Checkpoints are keyed by a fingerprint of the dataset **and the embedding model**,
so changing `PROBAS_EMBEDDING_MODEL` intentionally invalidates the old checkpoint.
Cache files from older code versions are purged automatically on startup.
If the raw dataset directory is absent but a prebuilt bundle is present under
`indexes/probas_rag/`, the app loads that bundle directly — this is what makes a
deployment that ships only the prebuilt index (e.g. a Hugging Face Space) work
without re-embedding.
### Tracking build progress and ETA
While embedding, the app logs a live line per wave:
```
Embedded 1440/23172 records (6.2%) | 3.1 rec/s | elapsed 7m42s | ETA 1h56m
```
To check durable progress (what a restart would resume from) from a second terminal:
```bash
python check_progress.py
```
## Deploying to Hugging Face Spaces
See [DEPLOY_HF.md](DEPLOY_HF.md) for the full step-by-step.

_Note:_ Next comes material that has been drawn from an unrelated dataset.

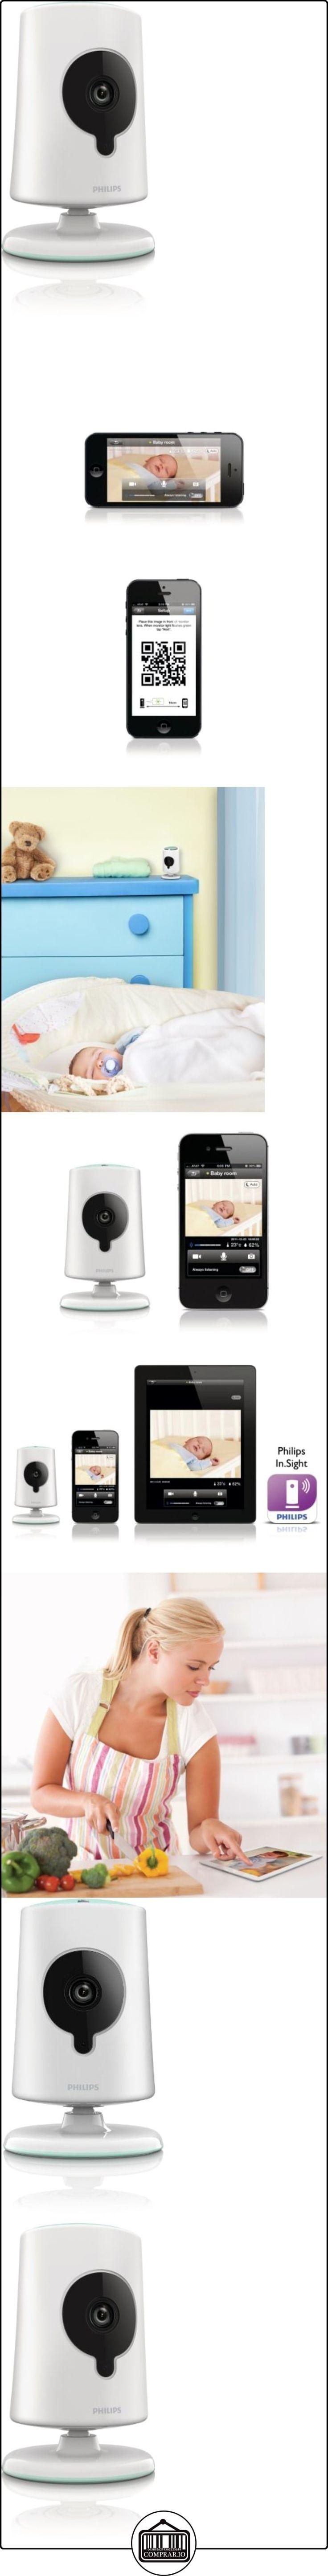 Philips In.Sight HD - Monitor Wi-Fi vigilabebés, 66.2 mm, 66.2 mm, 104 mm, 158 mm, 70 mm, 160 mm  ✿ Vigilabebés - Seguridad ✿ ▬► Ver oferta: http://comprar.io/goto/B00962PX14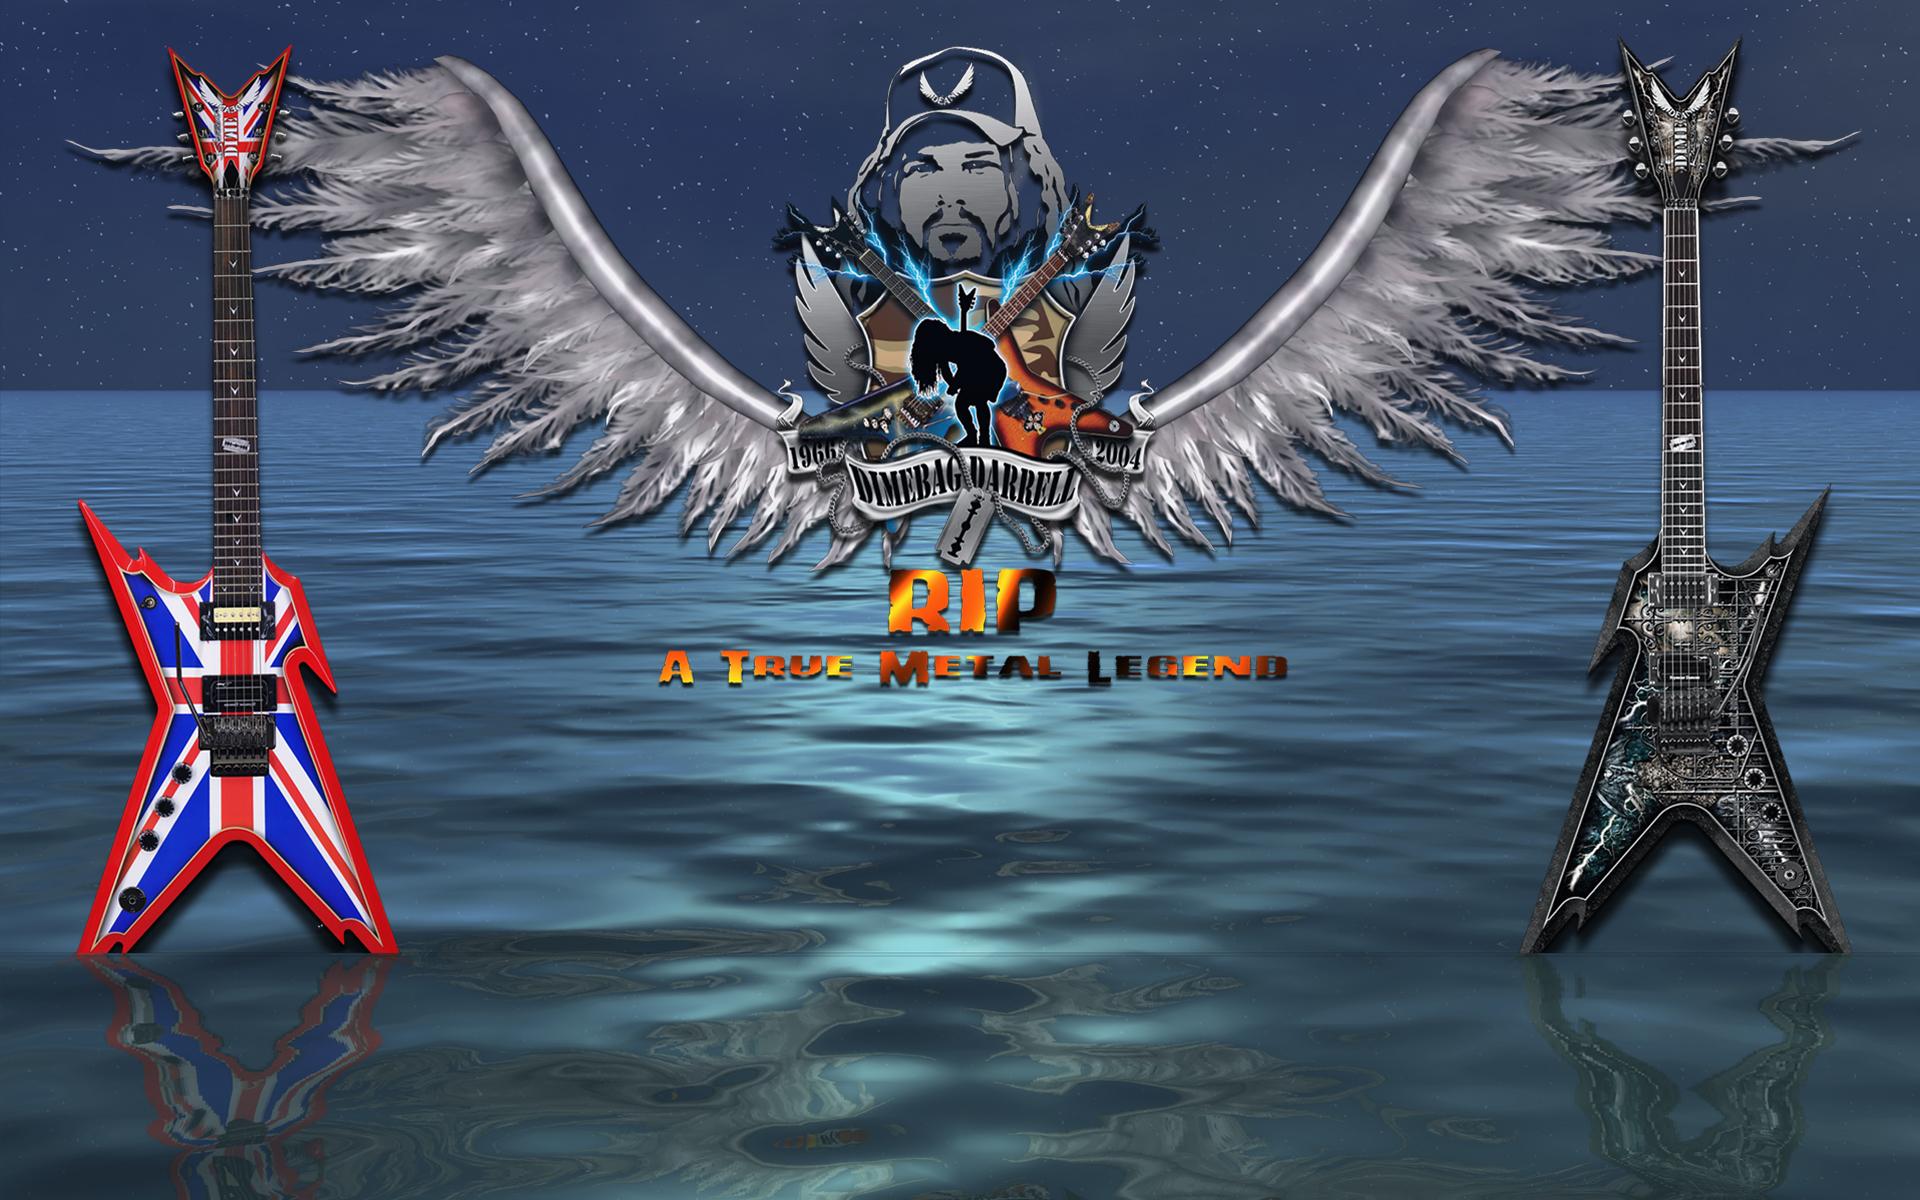 Hot Nfl Wallpaper Site Dimebag Darrell Tribute 2009 Wallpaper

In short:
1. Set `OPENAI_API_KEY` as a **Space secret** (never commit it).
2. Commit the prebuilt index under `indexes/probas_rag/` via Git LFS (the
`.gitattributes` already tracks it) so the Space starts without re-embedding
and without shipping the 1.2 GB raw dataset.
3. Push to the Space remote.
## Data and cache
The dataset folder is read directly from [probas_processes_by_classification_rag_json](probas_processes_by_classification_rag_json). The generated cache is stored under `indexes/probas_rag/` and is safe to delete when rebuilding from scratch.